As a side issue Roland talks about his Dads record collection (didn’t his Mum listen to music) starting in 1965 and ending in 1972.  My parents were the same – just a bit earlier.  Lots of Frank Sinatra and Burt Bacharach and then nothing.  Its like the disappearance of the Dinosaurs. Im 46 and have two grown up boys and I  still buy CDs and download files. But then I live in a turbo-consuming world and they didn’t.

The boys are back in town

Monday, September 7th, 2009

The Sunday Times Homes hosuesection carried a piece with this title.  City bonuses are again driving the housing market.  Ripples from London will – well ripple out I guess.  Hurrah I here you shout. We can talk about house prices again round the dinner table. We will console ourselves that everything is ok once more. We have the comfort of rising prices.  But the reality is that higher prices are only of paper value. Unless you trade down they are meaningless. Kids wont be able to get onto the housing ladder and the gap between rich and poor will grow.  Of course re-mortgaging means a consumer splurge can start again and we can go back to being turbo-consumers. So what was all the fuss about? The boys and they are almost exclusively boys in the City can take home squillions and bring the whole economy down again in a few years.  Meanwhile our politicians look on and say nothing can be done. Oh dear!

Going green: alone or together?

Wednesday, September 2nd, 2009

cliamte changeThe big initiative of the week is 10:10, the star led campaign to get us to cut our carbon footprint by 10% next year (20:10, get it?). I think this is great example of civil activism and I applaud Franny Armstrong for getting it going. Of course some pipe up and say it’s not good enough and they are right but give it a bit of a rest and don’t use the need for state action as a cop out. These people are probably only going green with envy that someone else is getting some credit for doing something. In fact I think they get cross because they don’t want pressure to act themselves and Franny is taking the excuses away. As is the way they transfer the anger from themselves, because there can’t be anything wrong with them, to Franny. They create a lot of hot air and we know what that does.

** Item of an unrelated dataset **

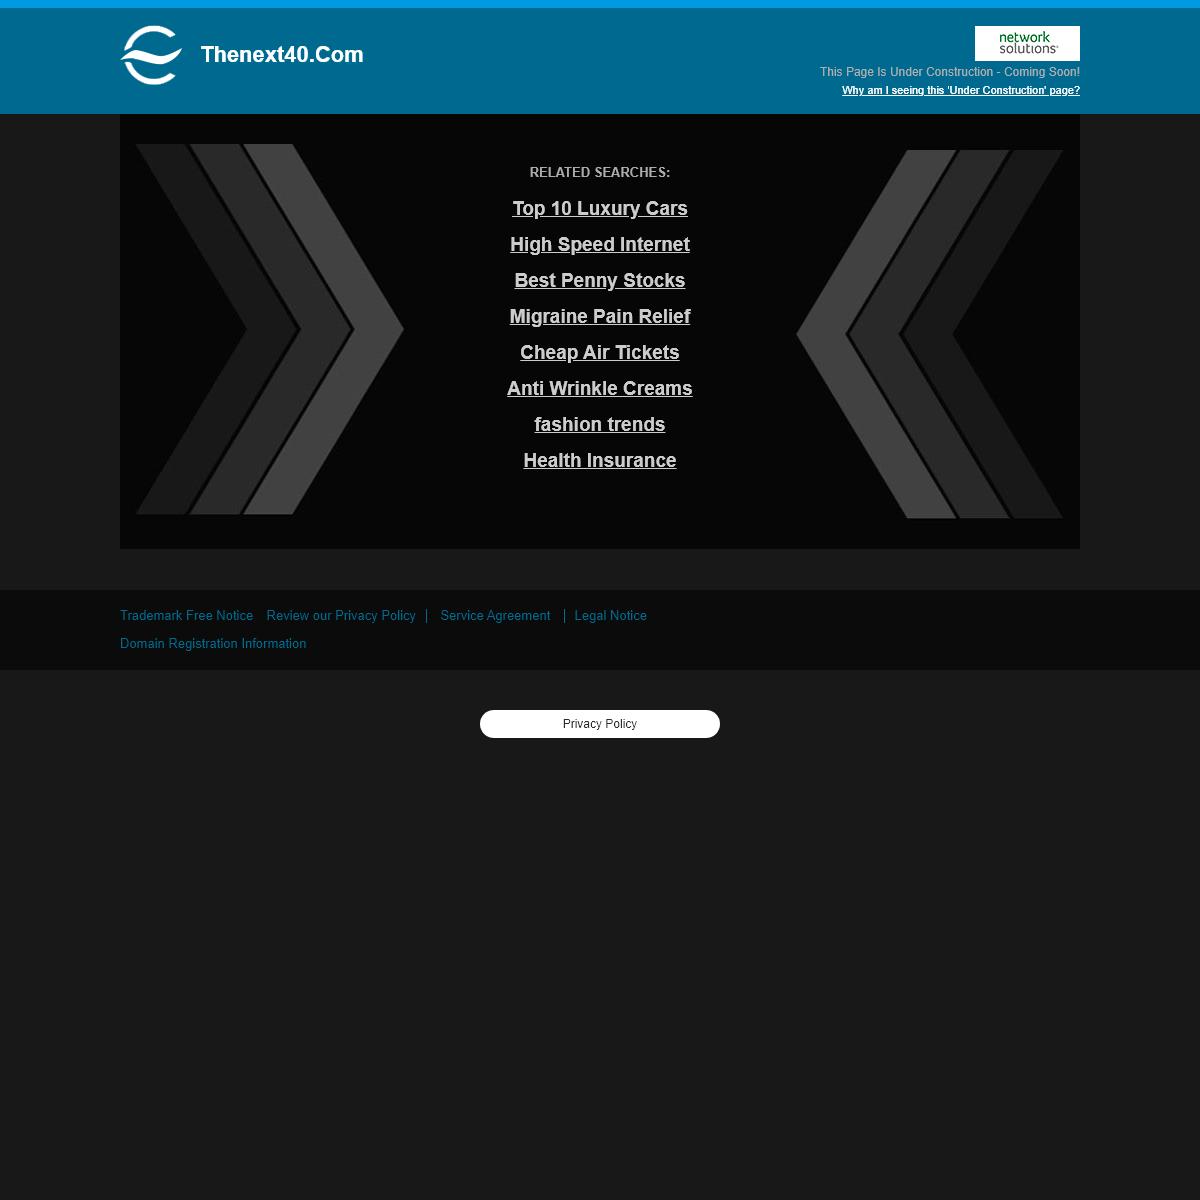 Thenext40.com

Stopping climate change like every other big challenge will need both personal commitment and state intervention.  And the two are reinforcing. Pressure from below encourages and compels politicians to do more or face the consequence at the ballot box.  And it is empowering. There is nothing worse than waiting for someone else to save you. Save yourself and by doing it save others.

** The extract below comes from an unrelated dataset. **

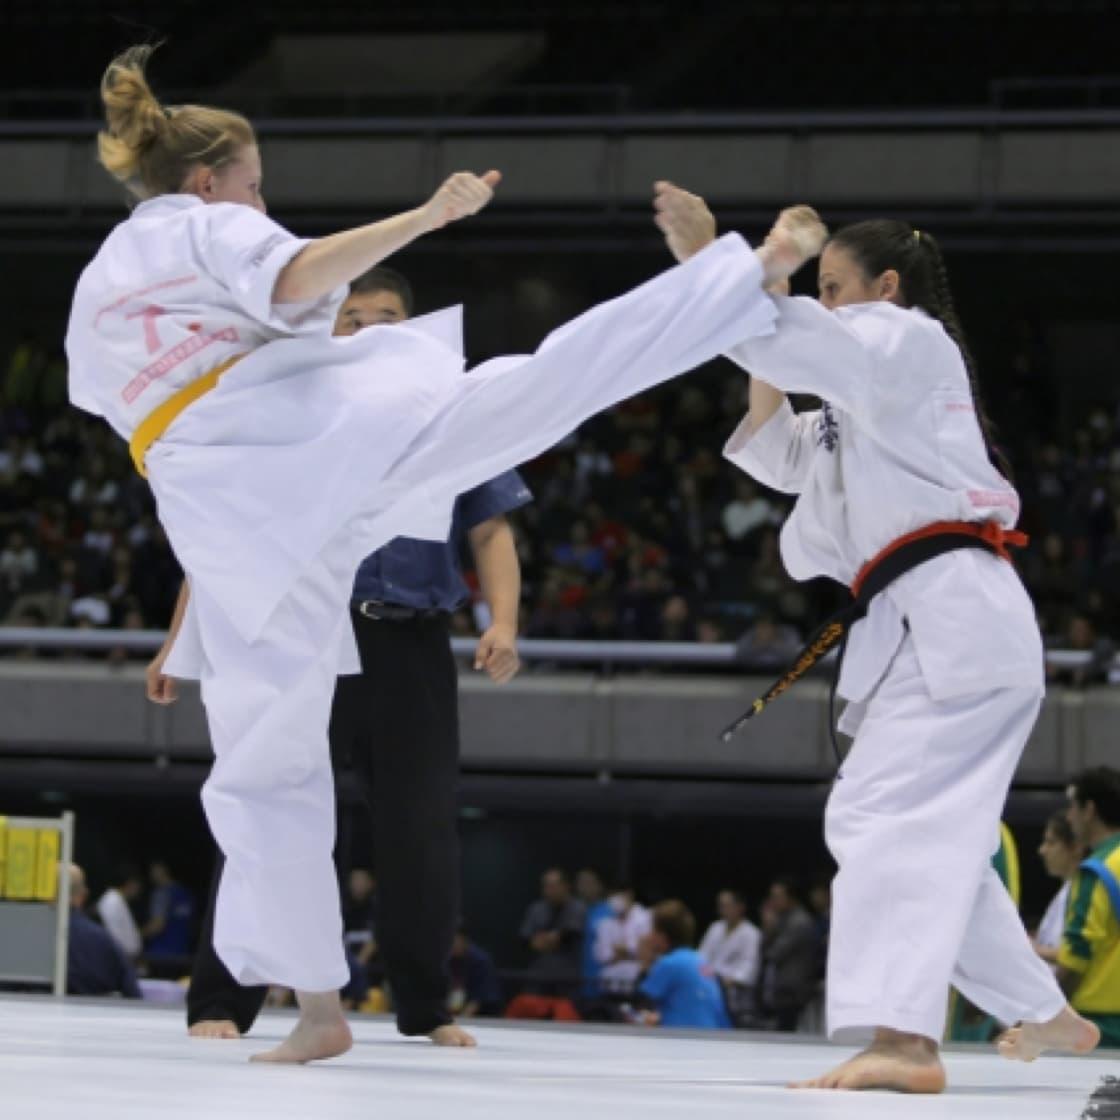 kyokushin fight

Of course it means we have to consume less; less air miles, less food, less, less, less. But remember ‘less is more’.  Franny says in an article in today’s Guardian that her MTV generation “were told by a million advertisements that the point of our existence was to shop more”. I’ve never watched MTV so I don’t suppose I can be part of that generation.  She goes on to say she feels inspired to have something more important to do.  The Magic Roundabout generation (mine), the Round the Horn generation (my parents) and the Arctic Monkeys generation (Gordon Brown) better join her.